Do We Need Art Classes Essay Example
In eighth grade we were all handed an ultimatum; band, choir, or theatre. But, I know for me, I wanted to do neither. I wanted to do a class that would benefit me in the future, but since I didn’t have that choice, I had to take choir. Everyone wants to do something their not good at and don’t enjoy, right? To me, it’s unfair to make artistically and musically unskilled students participate in those classes. It would be more beneficial for them to take a class that interests them. Instead of making fine arts a required credit, I believe that Menahga school should make learning about vital life skills a higher priority than fine arts because we have already taken nine years of fine arts in our younger years of school and other classes would benefit us better.
While we were in elementary and middle school, we all had music classes and did art projects with our homeroom teachers. In spite of having nine years of fine art classes in our younger years of school, we are still required to take one year of it in high school. By the time we reach ninth grade, we all should have an idea if we enjoy and want to continue taking fine arts credits. The students that are forced into fine arts classes in order to graduate tend to be more unwilling to participate in the class, making it less enjoyable for the students who actually want to be there. Having fine arts a required class is like homework, time consuming but necessary to graduate. Some argue that art and music classes are important and beneficial, and I agree, but those classes are not as important than classes that teach lessons that we will use for the rest of our lives. In brief, students will know whether or not they want to continue their fine arts classes and if they don't want too, than they shouldn't have to.
Naturally, many students ask our teachers the question, “when will we ever use this information after school”, and it’s a valid point. While the subjects that we’re learning are important, many of them won’t benefit us after we are done with school. However, schools could incorporate classes like financial literacy, which teaches the basics about money management and would surely benefit us in the future. Keith Whitney, an associate professor of business law at Pepperdine College, says that, as teachers, they have a duty to advise and offer assistance to the students with financial planning.
Also, according to a survey, two out of three students who took a personal finance class in high school are already earning an average of 3,000 dollars a year and have already bought and paid for their own car. We would all be better prepared for the future taking those kinds of classes. In ninth grade we all took future’s prep for a semester and we were taught how to write out checks. We need to take more of those kinds of classes because if we don’t, nobody will be prepared to be out on their own. Having confused young adults out in the complicated world on their own will be disastrous. In sum, having classes that will teach us how to live on our own and be successful are crucial and a higher priority than fine arts.

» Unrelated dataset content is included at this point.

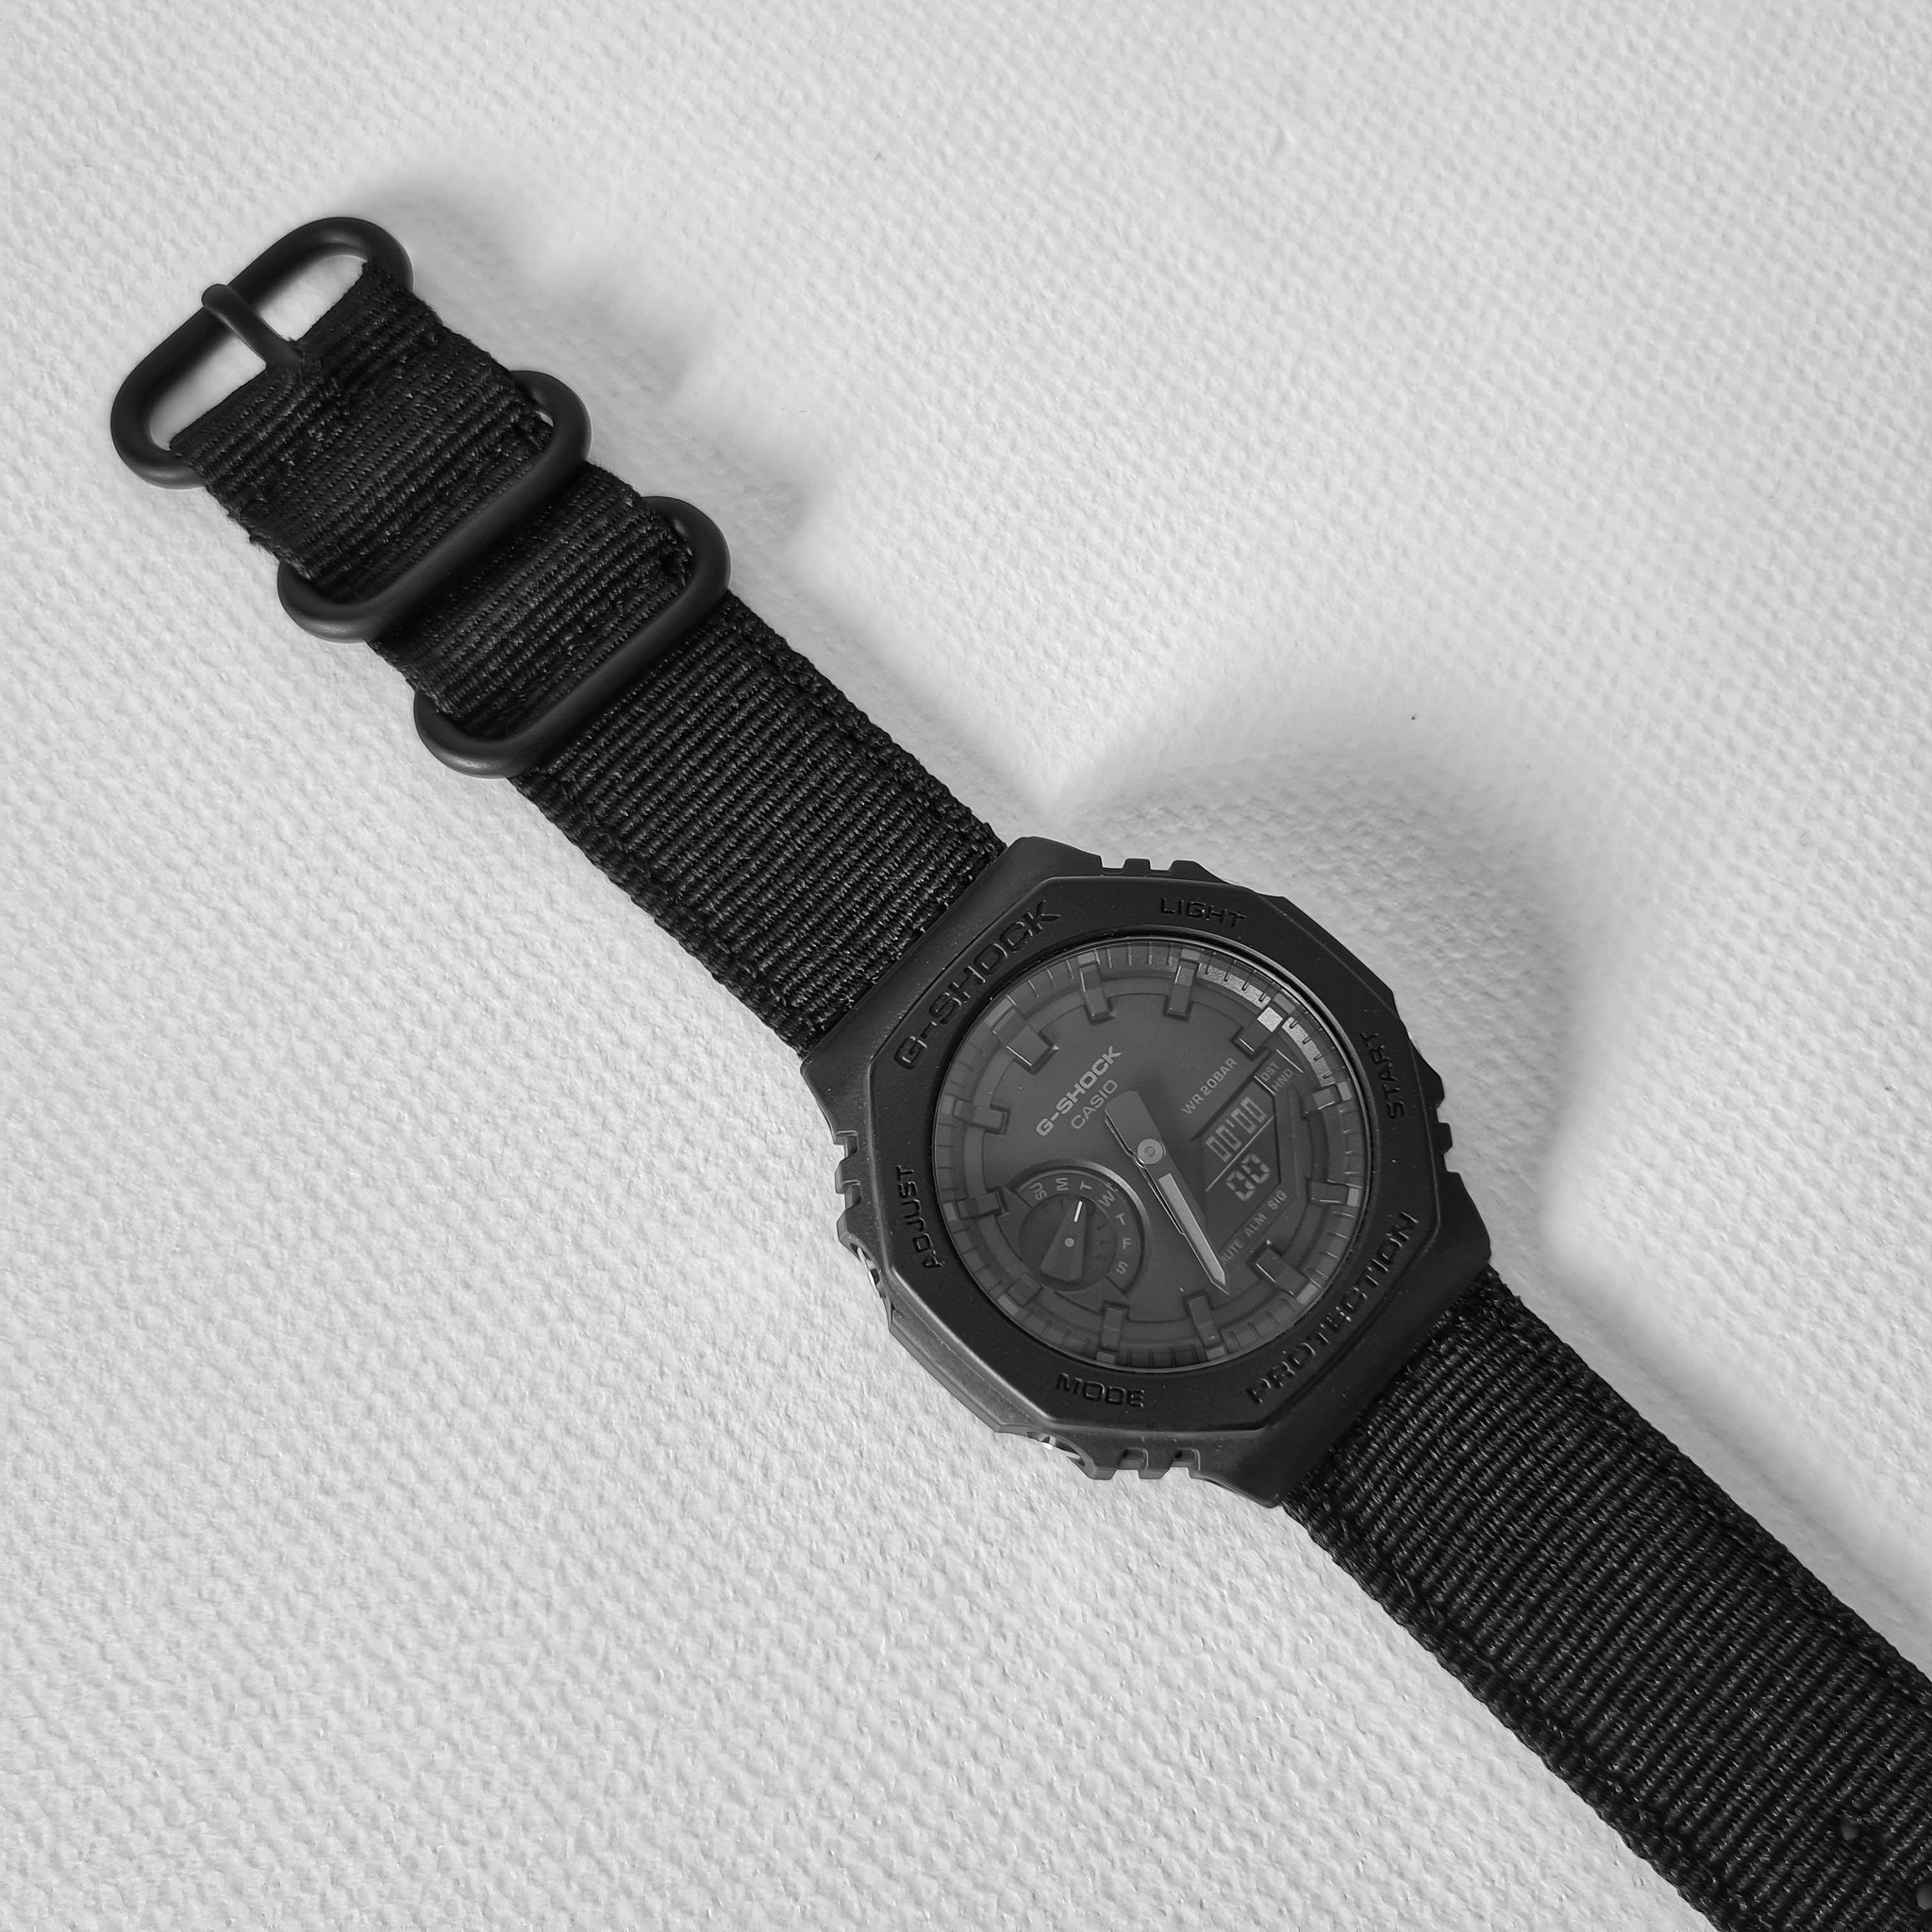 Boxfox1 on Twitter: "Casio G-Shock GA-2100 on nato strap, I be posting the technical problems of making this little mods to the straps. Stay tunned! # Casio #GShock #GA2100 #reloj #

In conclusion, we will better benefit from classes that will prepare us for our futures unlike fine arts classes. We have all already gone through nine years of music and art classes in elementary and middle school and we will have a better knowledge if we want to continue taking fine arts credits in high school. Making fine arts an elective class and financial literacy a requirement will benefit us and help us have a better understanding on how to live on our own. While band, choir, and theatre are good electives to take, we shouldn’t be forced to take them, like we did in eighth grade. While we don’t have the option to not take a fine arts credit, we can take more useful elective classes. Thus, choosing fruitful classes for a fruitful future.